Not least with the exact symmetry of two Sloans having played at the longstanding Azlan Shah tournament in Malaysia.

“My dad played 30 years ago in Ipoh and so to be part of the tournament [in May] was really cool and to go and win it was awesome.”

Since Sloan and Co took up the captaincy mantle from Middleton, there have been an array of Test matches in the lead-up to the EuroHockey Championships.

Such is the hockey calendar – Middleton is even edging towards an incredible 400 caps (389 outdoor matches to date) – that there are bound to be a plethora of highs and lows outside of major tournaments.

Take GB’s first title in Ipoh since 1994 for starters and then the recent 9-1 defeat to the Netherlands at last weekend’s 4 Nations tournament in Barcelona.

“One of the best things about this team is the unity,” says Sloan. “When you have defeats, it is easy to become divided and circling each other if the team isn’t strong.

“To come back from the 9-1 defeat and beat Germany 3-0 the next day was testament to the side. We weren’t looking for excuses and it showed our strength.

“The way the squad is at the moment I don’t think it really matters who wears the armband.

“Every time we play a match we have different people leading the huddle and warm-up. We are trying new ideas to innovate and try to get that leadership through the team.”

There is now, he says, collective responsibility through the team, one where “everyone has an equal voice”.

That wasn’t always the case during the Rio cycle.

The pressures of elite hockey saw Ashley Jackson, one of England’s most gifted players, leave the centralised programme to such an extent that he is (for now) carving out a career in ice hockey.

“He wasn’t enjoying the training aspect and the daily grind,” admits Sloan. “It was clear to him that he wasn’t enjoying it.

“It’s a good decision from him to take a break from it. Maybe in a few years the passion will reignite and he might come and try and be back in the squad. But he has to do something that he enjoys.”
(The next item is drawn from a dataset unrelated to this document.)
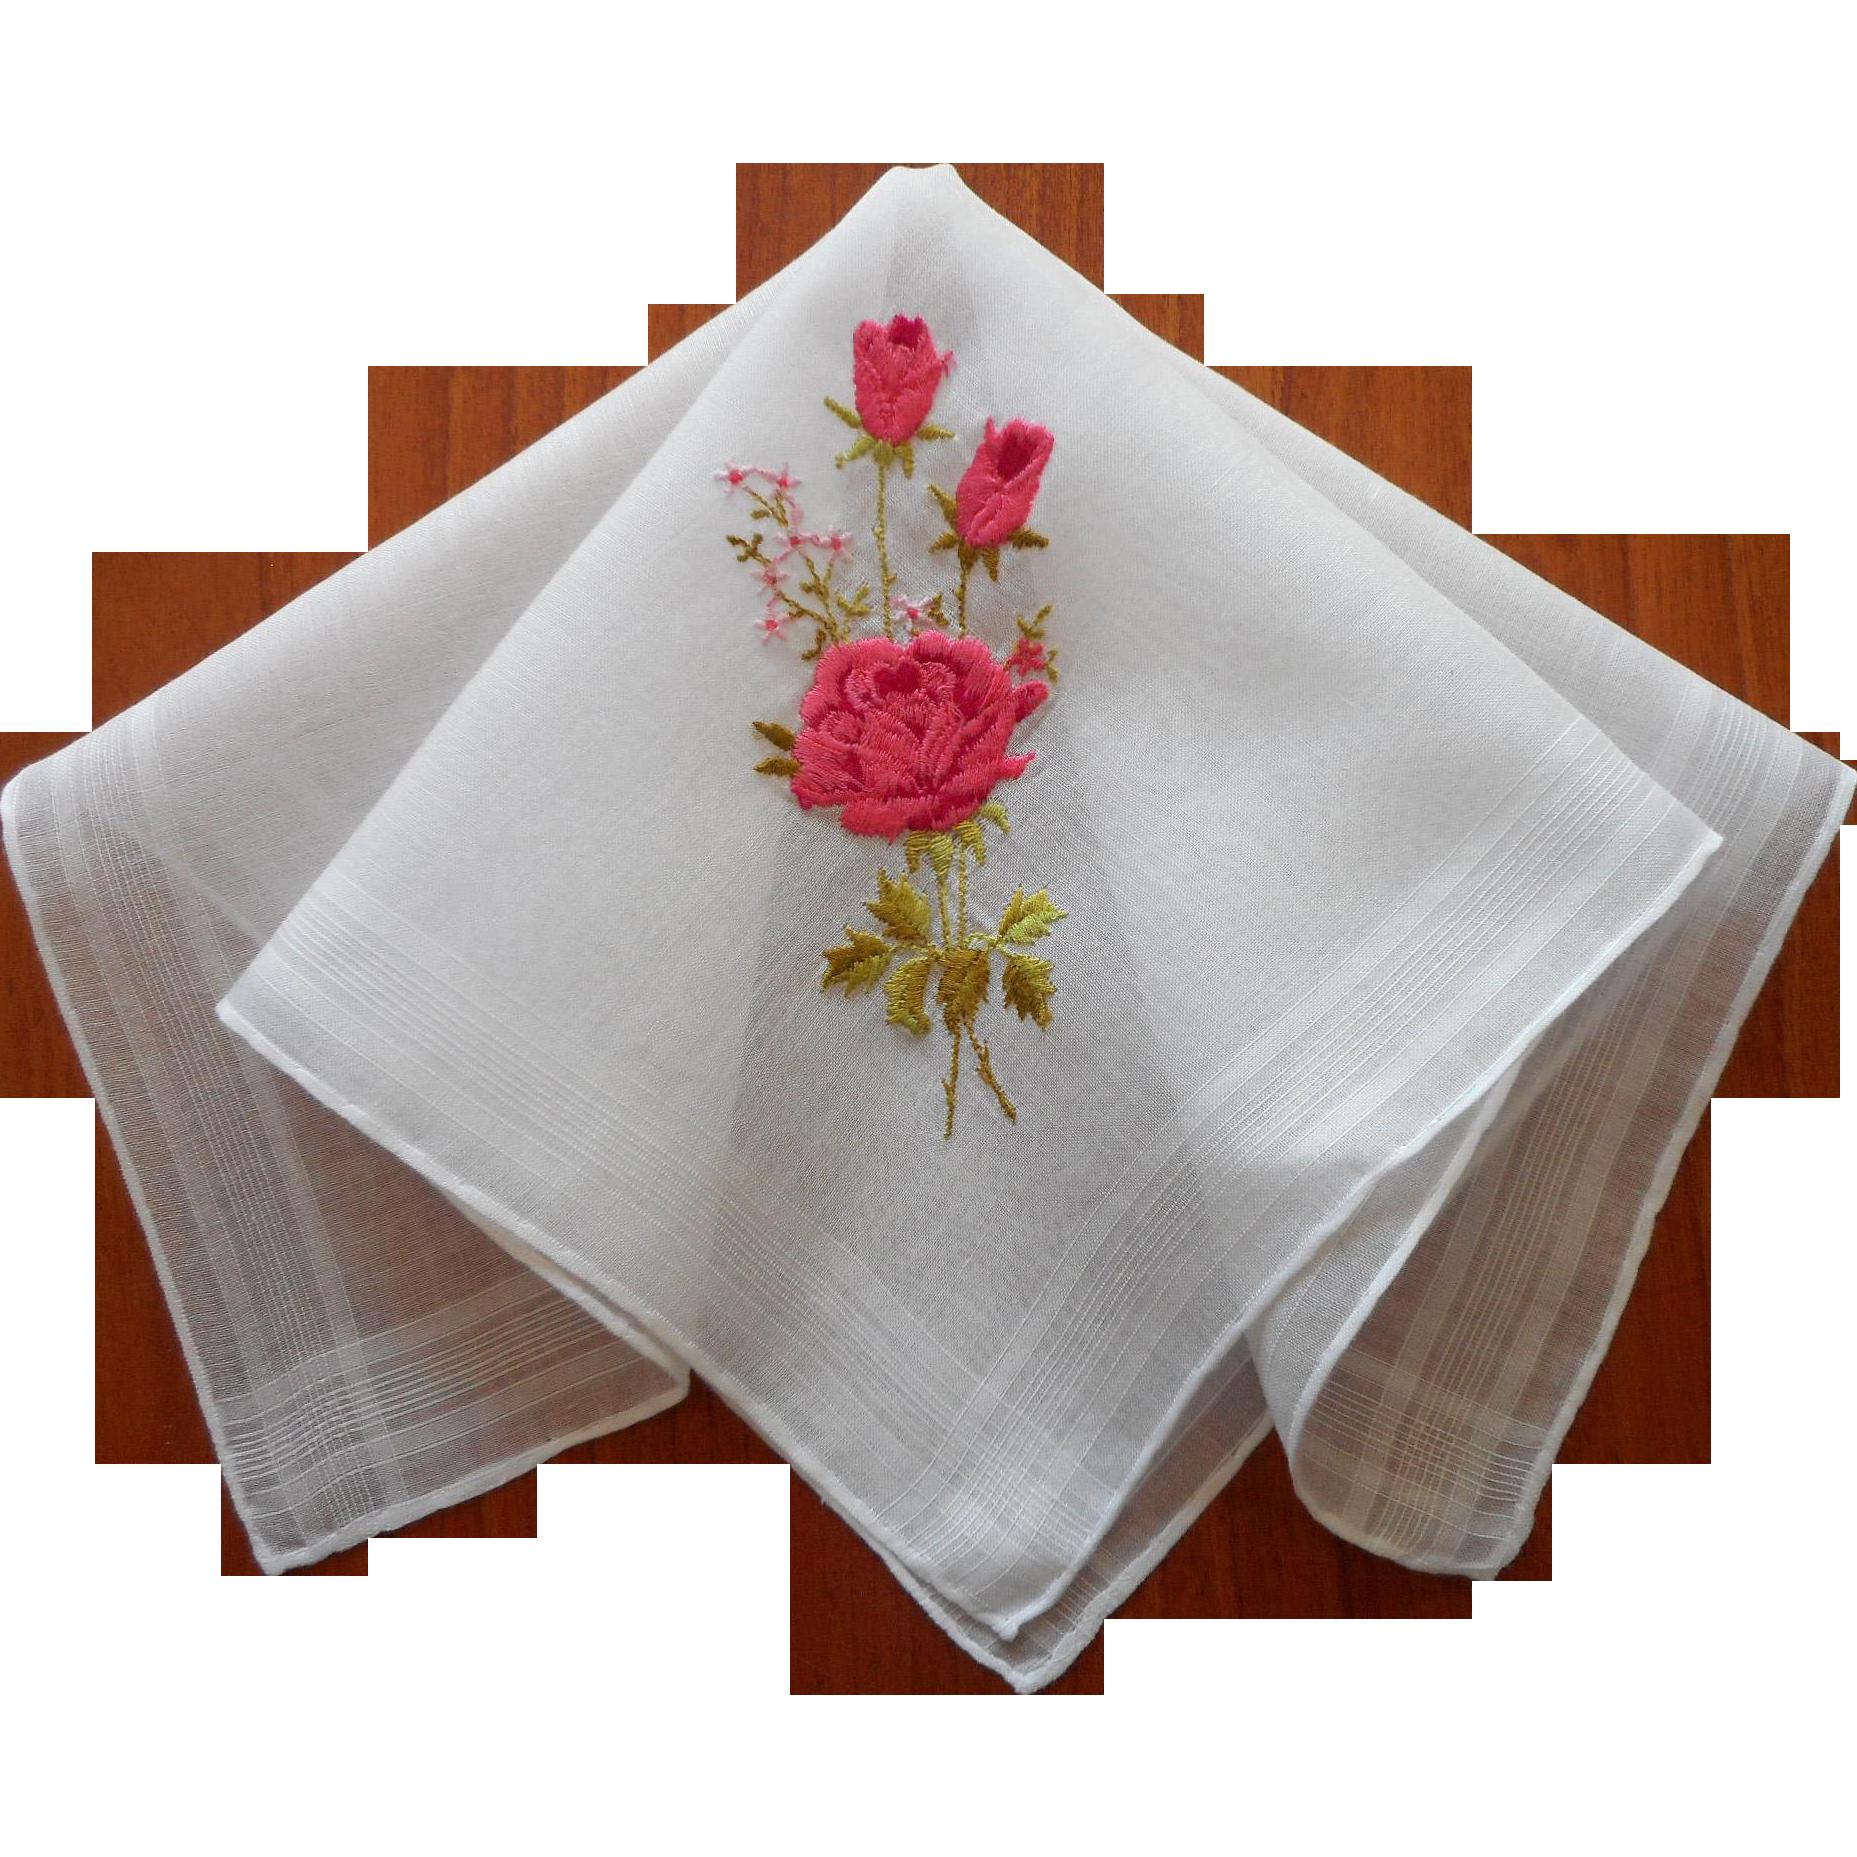 Vintage hankie pink roses. Napkin clipart handkerchief
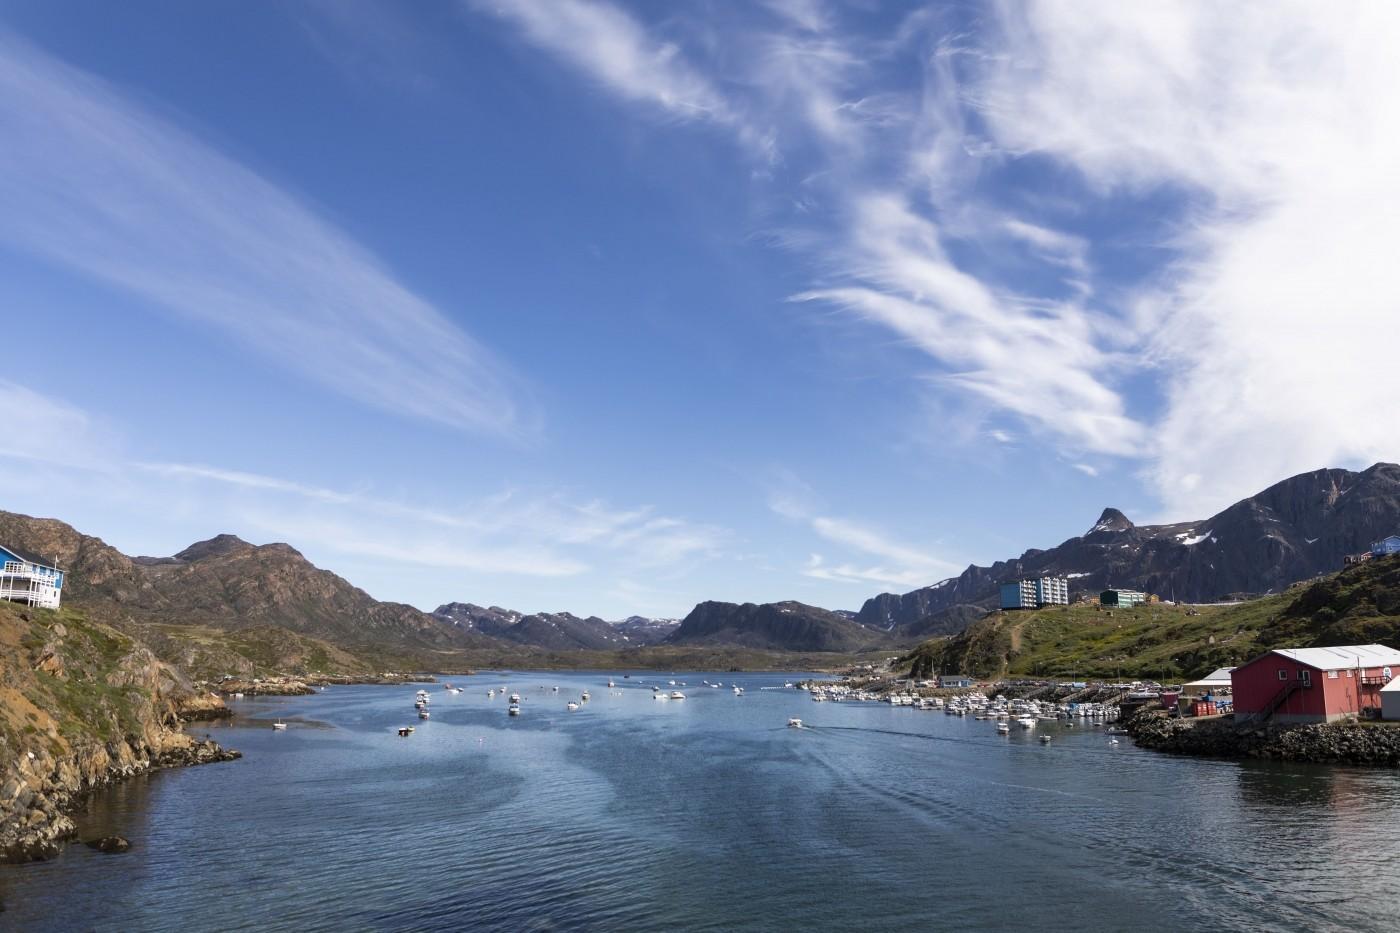 On the bridge towards Ulkebugten. Photo by Aningaaq R Carlsen - Visit Greenland

Sloan, conversely, is hockey focused and freely in love with the game which was so nearly curtailed by a series of injuries during his three-year stint while qualifying as a GB international.

During his international exile in England he endured a double dose of hamstring injuries and stress fractures over a two-year period.

“I never thought it might be the wrong decision,” he recalls. “There were certainly moments of real low points in terms of ambitions and not being able to play hockey.

“It took a lot of mental strength in a time of uncertainty.”

The move from Loughborough to champions Wimbledon added some much-needed vigour to his outlook.

“There were a load of different challenges but the club hockey at Wimbledon in the last few years has been a major positive for me,” he adds.

“If you can get through those difficult moments then it really helps you in your career. You develop skills to get you through those disappointments and use those experiences.”

And so to Amsterdam and the trio’s first real captaincy test together in a major tournament.

England men first play Poland on Sunday morning before group stage games between Germany and Ireland.

Sloan says that the influx of new players, plus the addition of assistant coach Russell Garcia earlier this year is a catalyst for a new beginning.

“I don’t think it’s a case that it’s exciting that we’ve lost guys from the squad [Jackson, Nick Catlin and Iain Lewers]. It’s exciting that we’ve gained a group of excited young players as well as Russell coming in. We’re looking forward to it.”